Segment Start: RAW DATA
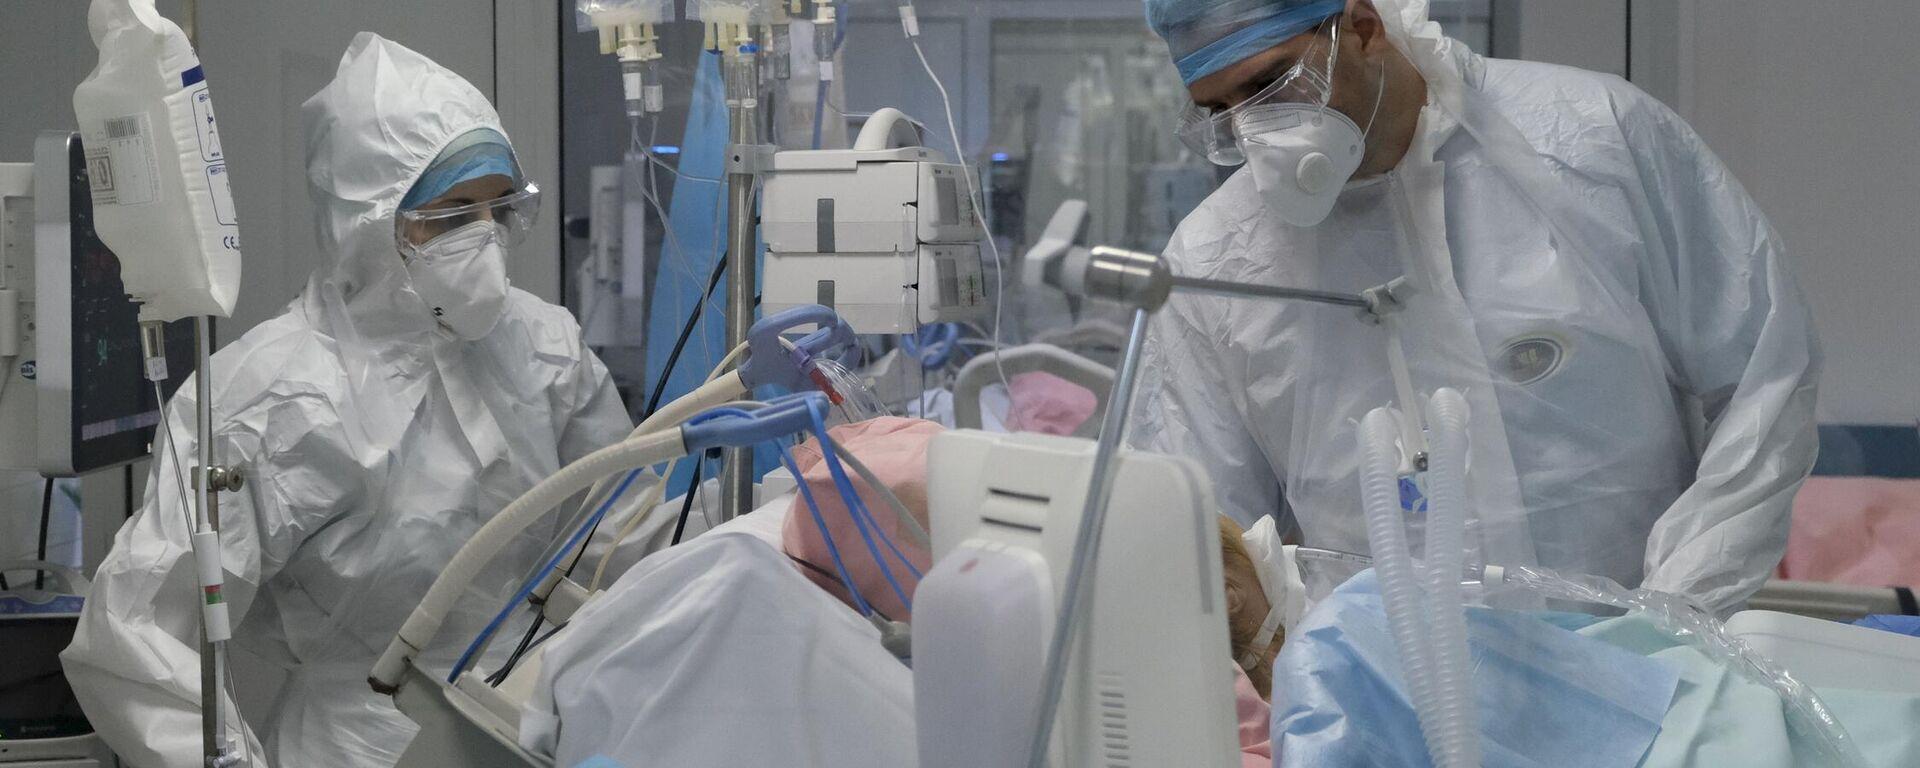 Ιατρικό προσωπικό σε ΜΕΘ σε νοσοκομείο της Αθήνας  - Sputnik Ελλάδα, 1920, 30.08.2021
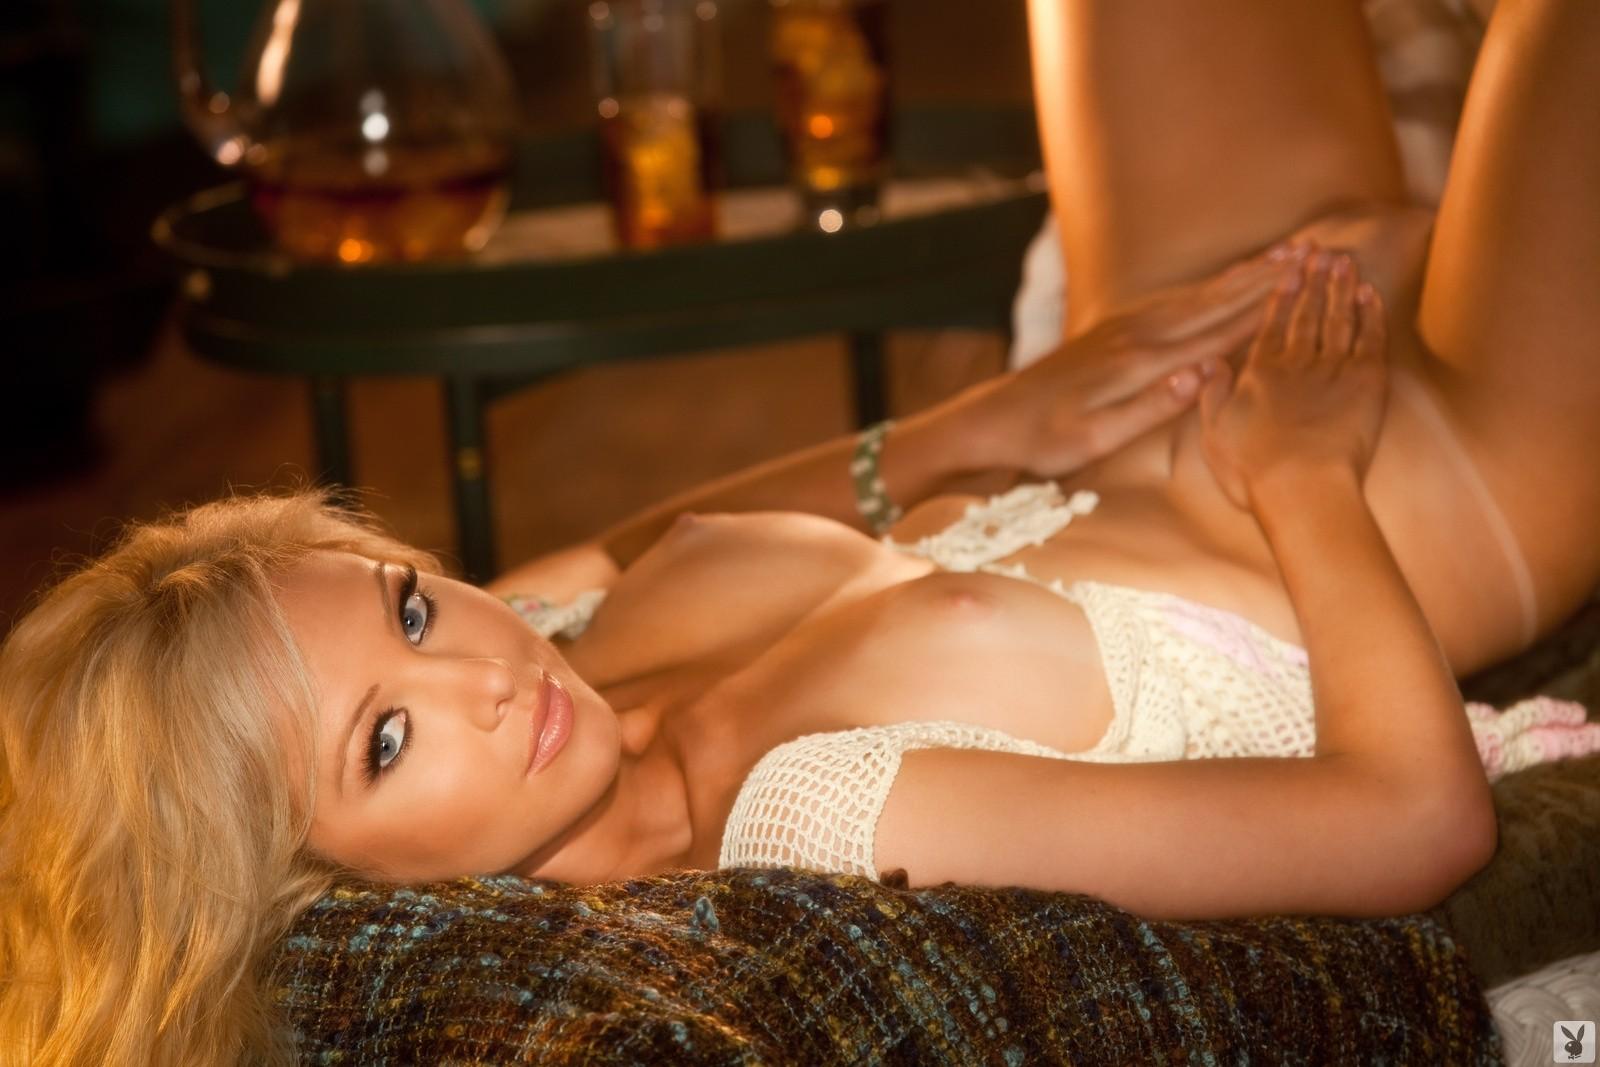 tiffany-hall-nude
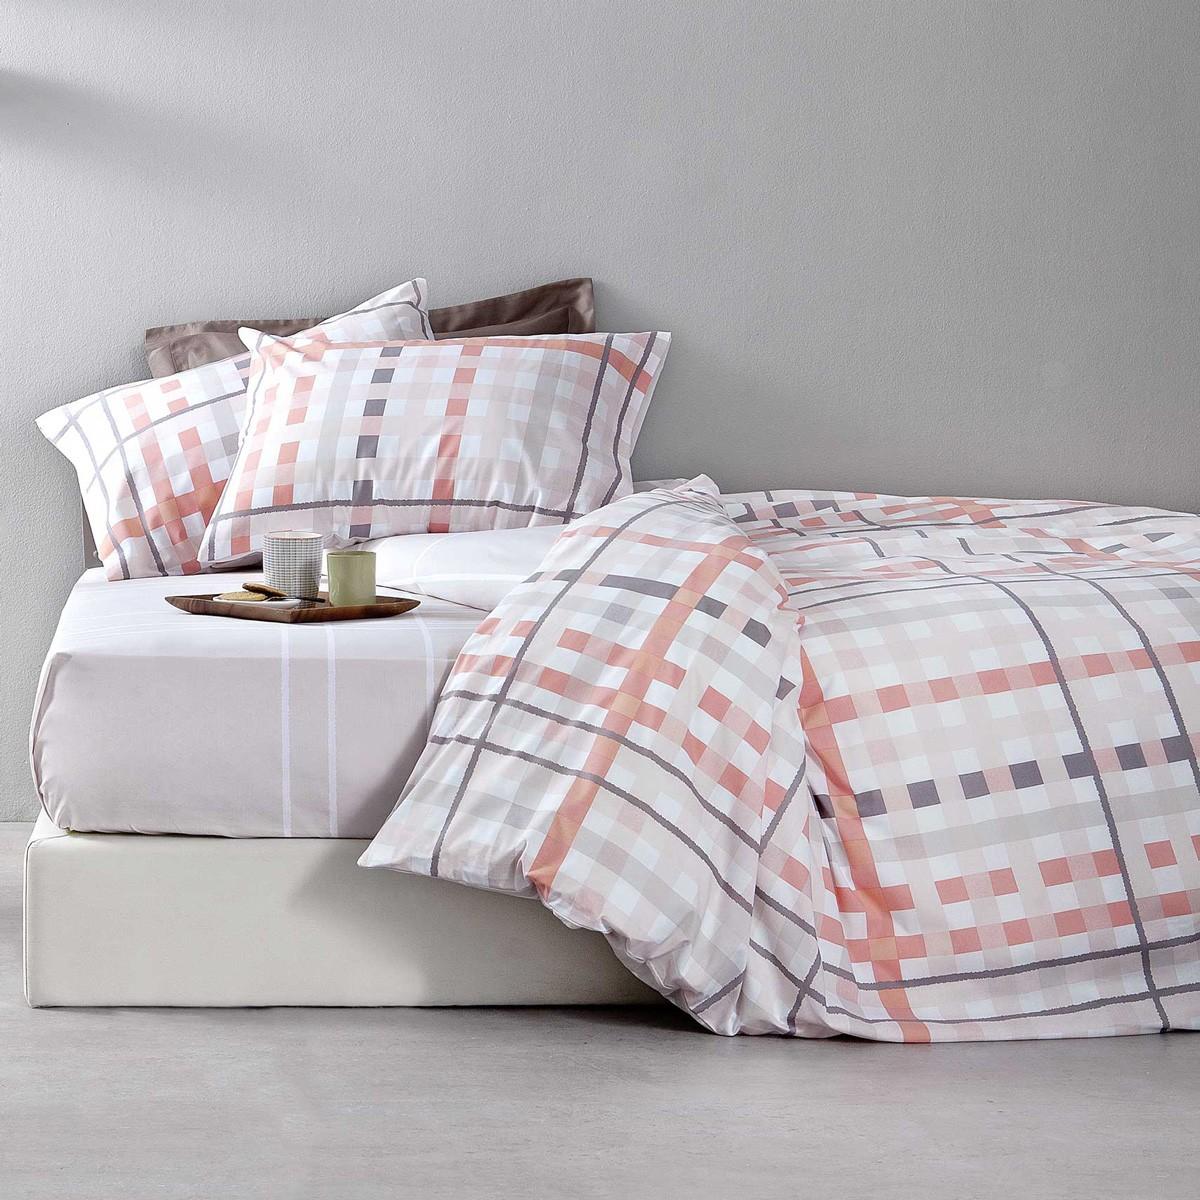 Κουβερλί Μονό Nima Bed Linen Damino Pink
Segment End: RAW DATA
### WORK ITEM
Output only these lines, word for word: the line containing "tiffany-hall-nude" and every line after it through the last line of the data. Omit the pictures.

### RESULT OF THE EXERCISE
 tiffany-hall-nude
 Κουβερλί Μονό Nima Bed Linen Damino Pink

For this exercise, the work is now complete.